— Ну, и зипун на тебе! Где только добыл такой?
— Ночью в лесах — не за печкой. Всякой одежке рад.
— Ты ж с войском шел, аль раздеть кого по пути не мог?
— Я, государь, не тать и не ордынский мурза.
— Ух, чертово племя святорусов! Ни хитрости в вас, ни злопамяти, ни жадности, ни коварства. Только бы вам грудью ломить али горбом. Таких, как вы с Васькой Серебряным, надо непременно женить на татарках, гречанках али еще на ком. Не то — попомните слово мое: сядут на ваших потомков алчные ворюги да подлюги, станут кровь сосать почище ордынцев. У князей бы учились — в нас какой только крови не намешано!
— Князья тож, бывает, упускают свое.
— Смел! А верно ли ты успел жениться?
— Верно, государь.
— Правду говорят — война мужскую силу дразнит.

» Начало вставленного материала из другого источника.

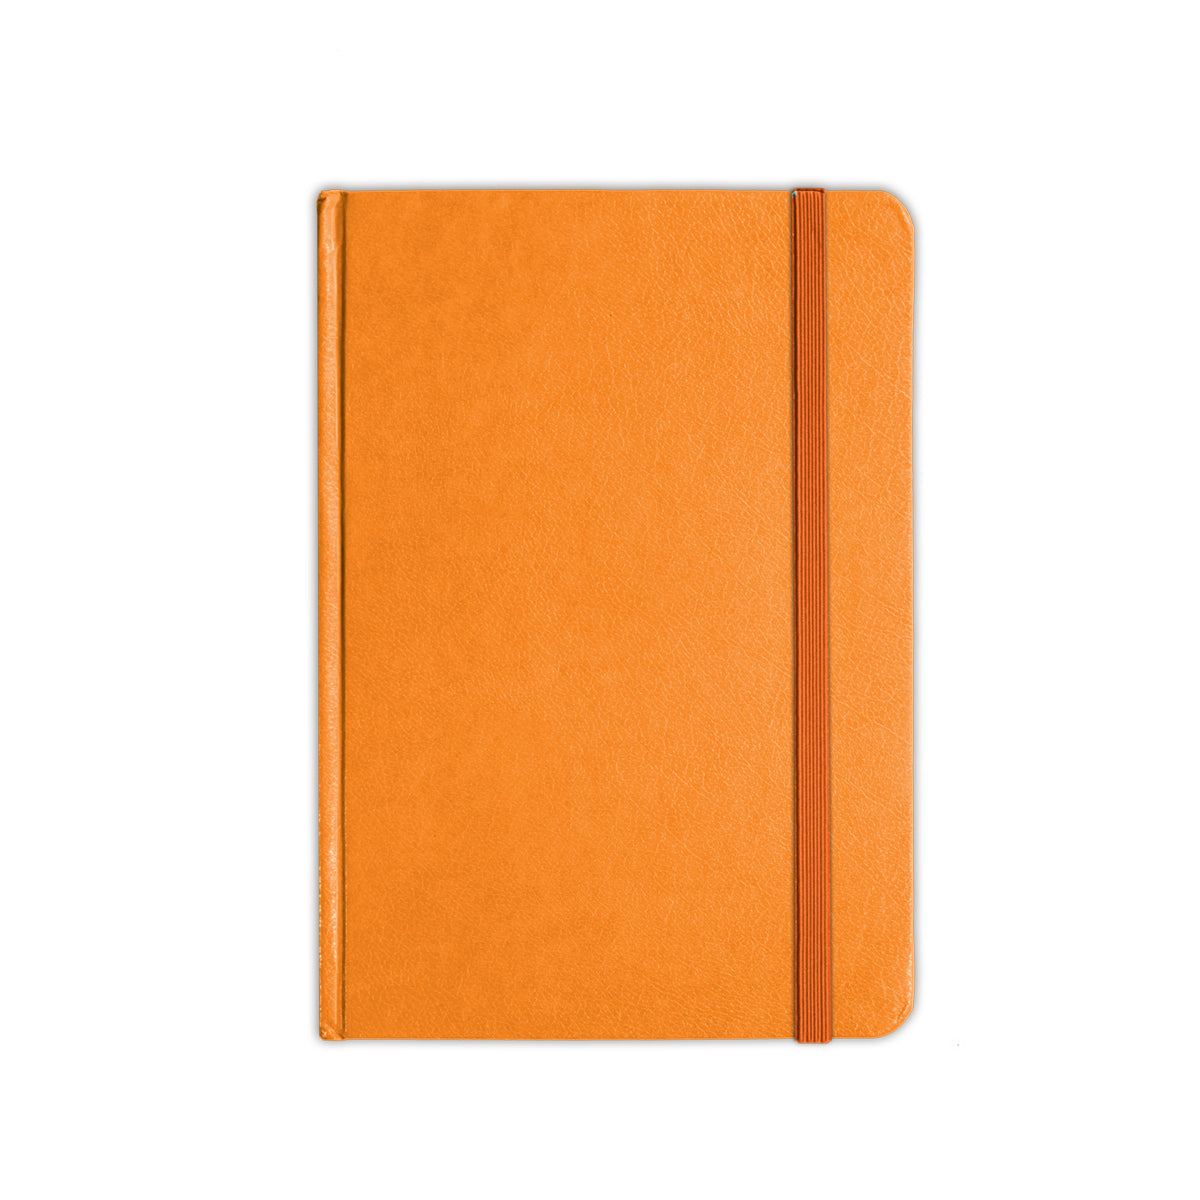 Orange Notebook

— Когда ж нам еще жениться-то? — подал голос Тупик. — То воюем, то в поход собираемся.
— И то верно. — Князь вздохнул, вернулся на свое место. — Гневен я, Олекса Дмитрич, а как не гневаться — Москву потеряли! Мы еще во всем разберемся. Не для суда над мертвыми — для науки. Теперь же с врагом посчитаться надо Чего просишь?

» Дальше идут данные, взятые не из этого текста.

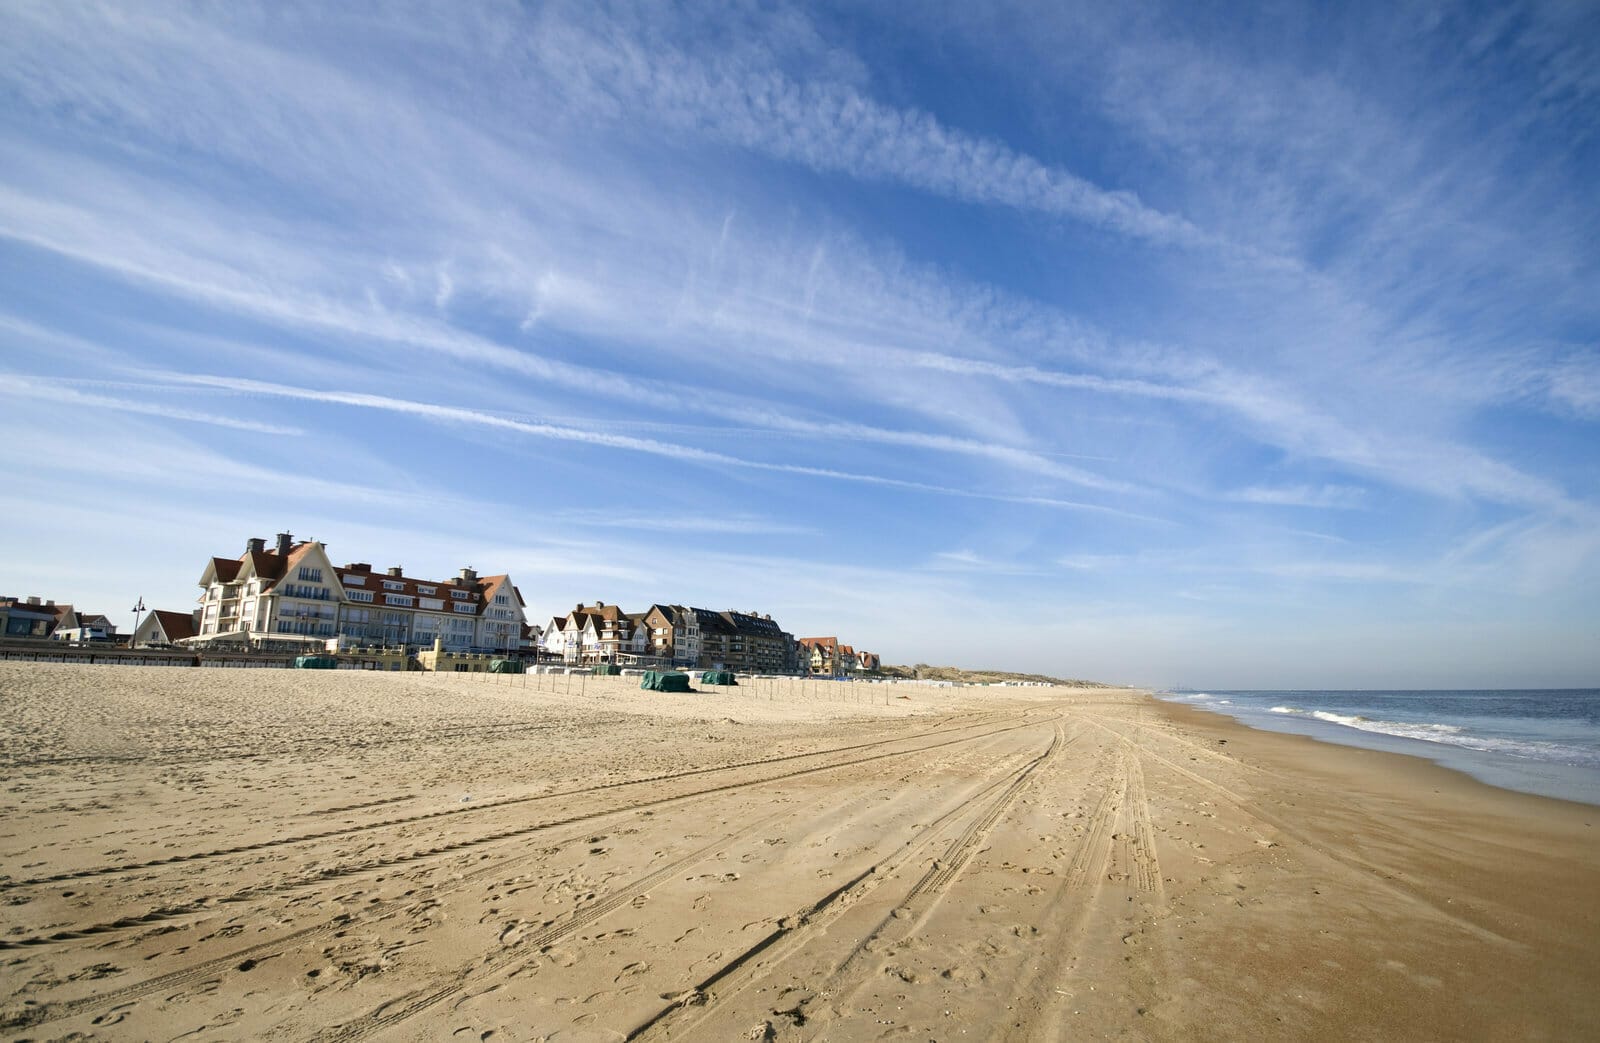 Lire la suite à propos de l’article Allier découverte et plaisir sur la côte belge d’Ostende

— Справу для моих дружинников.
— Сколько их у тебя?
— Тридцать два со мной.
— Малого просишь, боярин. Кабы ты устал и захотел посидеть в детинце — сиди. А в походе малого не проси.
— Дай сотню, государь.
— В Москве управлялся с тысячами, пошто теперь в детские портки норовишь? Мне не сотские — мне воеводы нужны. Сам знаешь, сколько лучших бояр моих легло на Куликовом поле. Бери под начало три тысячи.
— Три тысячи?! — Олекса привстал.
— А ты как думал? Всю жизнь впереди сотни мечом помахивать? У меня нет воеводы в походном войске старше двадцати пяти годов. Решай: или примешь трехтысячный полк, или в детинец отошлю. Ты — главный свидетель московской осады, я обязан беречь тебя пуще глаза. Уж коли рисковать таким свидетелем, так по цене.
— Добро, государь.
— Василий, ступай найди Мещерина: пущай оборужит дружину Олексы Дмитрича из моих запасов да ему самому найдет воеводскую справу. — Тупик вышел, князь развернул на походном столе большой пергамент с чертежом окрестной земли. — Ступай ближе. Твои тысячи особые. Они на лошадях, но это не конница, а пешая рать. Смотри на чертеж. Вот Волок, вот Можай. Ты пойдешь за легкоконными сотнями, и с боков тебя прикроют заставы. Ни в какие конные бои с Ордой не ввязывайся. Кутлабугу мы рассчитываем встретить здесь, на подходе к Рузе, но может быть всякое: Орда быстро ходит, а темник — волчина матерый. Помни главное: как появятся, спешивай ратников, заступай дорогу и бейся до последнего. Обойдут тебя, совсем ли окружат — то не твоя забота. Ты обязан стоять насмерть и держать Орду за горло. Это все.
— Кто начальники тысяч?
— Первой — Боровский Константин Иванович. Второй — боярин Олексей Григорьевич. Третьей — сын боярский Ондрей Борисович. Стрелкам я назначил особого воеводу — сотского Никифора. Дружок его, Ванька Бодец, со своей сторожей примкнет к тебе. Ставь его на опасное крыло — там лихие рубаки, не дадут окружить сразу. Своих дружинников держи при себе. Не хочу, штоб, уцелев там, ты сложил голову здесь. Особливо теперь, когда женился. Женка-то кто?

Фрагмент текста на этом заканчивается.